Biette has a great feel for capturing spaces in a precisely realistic way, like a college student's apartment in Paris or a bookstore in Porto, Portugal.  Similarly, his dialogue and the way he lets his actors move around and express themselves, reinforces a directorial desire to adhere closely to the way these types of moments unfold in real life.  In fact, it seems that Biette's quest to remain accurate and truthful give the film one of its most unique qualities, its willingness to show certain glances or moments without the need to explain them.  I am thinking, for instance, of the way Claire stares from her hotel window at the Brazilian guest, the brief scene suggesting it is normal for attraction to occur without ever being acted upon.  
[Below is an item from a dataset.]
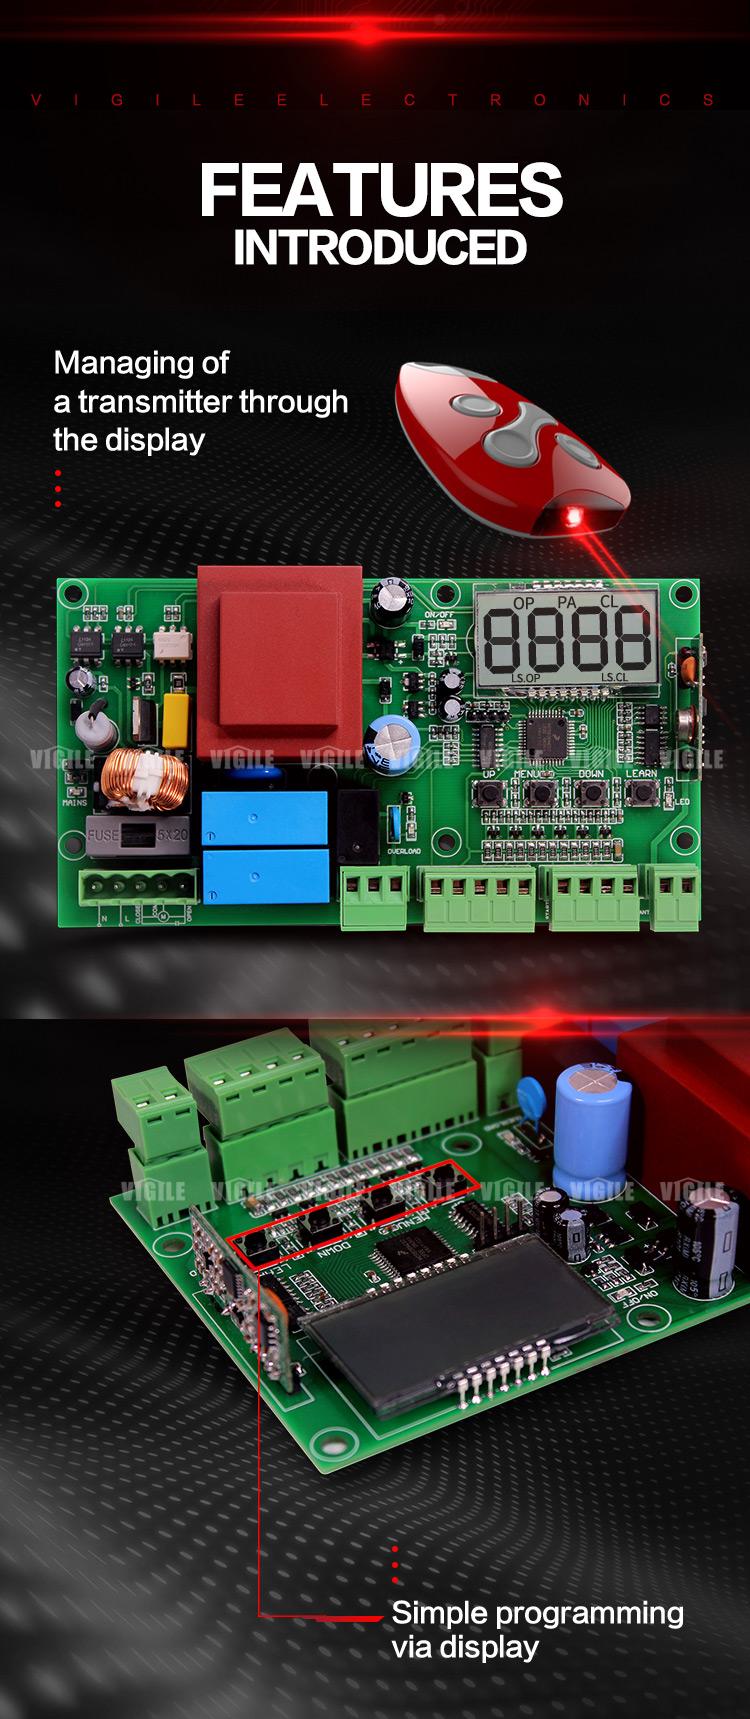 24v Automatic Swing Gate Opener Control Board Vigile Vg Drc 6 Controller Image Circuit Panel

I can only guess at the reasons for it but like Rivette's Out 1, Le Pont du Nord or even La bande des quatre, Biette includes, with the character of Frank, a subplot of noirish overtones.  Like in the abovementioned Rivette works, the subplot feels more artificial and more difficult to believe than one typically experiences in regular genre films while the foregrounded story, that of Arthur and Claire, feels far more real than most movies.

2/26/22 I watched Frederick Wiseman's Belfast, Maine.  Wiseman is as pure and true to form as always.  But I found this particular cast of characters slightly less interesting than those featured in my favorite Wiseman films.   


  1. I am certain that the bloggers who visit here will full embrace this film Jeffrey, though I was not quite the fan, nor of Mann's work in general. But when such a conviction is forged I always believe that I am the problem. I do agree though, that HEAT is on a high level. Your strong feelings ar really conveyed here:

    "Not only is The Insider one of the most formally bold and interesting works for me of this entire period, it merges form and content in a way that makes me want to pack my bags and go pursue something else. I can't think of many films that, at times, are this avant-garde in their formal approach yet remain completely compelling in a narrative and emotional sense."

    My own #1 Film of 1999:

    Rosetta (Dardennes; France)


    The Wind Will Carry Us (Kiarostami; Iran)
    Magnolia (Anderson; USA)
    Time Regained (Ruiz; France)
    Beau Travail (Denis; France)
    The Limey (Soderbergh; USA)
    All About My Mother (Almodovar; Spain)
    Election (Payne; USA)
    American Beauty (Mendes; USA)
    Mifune (Jacobsen; Sweden)
    Les Amants Criminels (Ozon; France)
    Boys Don't Cry (Pierce; USA)
    The Loss of Sexual Innocence (Figgis; USA)
    Mumford (Kasden; USA)
    The Straight Story (Lynch; USA)
    Eyes Wide Shut (Kubrick; UK; USA)
    Girl on the Briadge (Leconte; France)
    The Cider House Rules (Hallstrom; USA)
    Titus (Taymour; USA)
    East is East (O'Donnell; UK)
    Sunshine (Szabo; Hungary)

  2. Sam, thanks so much for those words! I know this one, as much as any of my favorite films, has just as many detractors.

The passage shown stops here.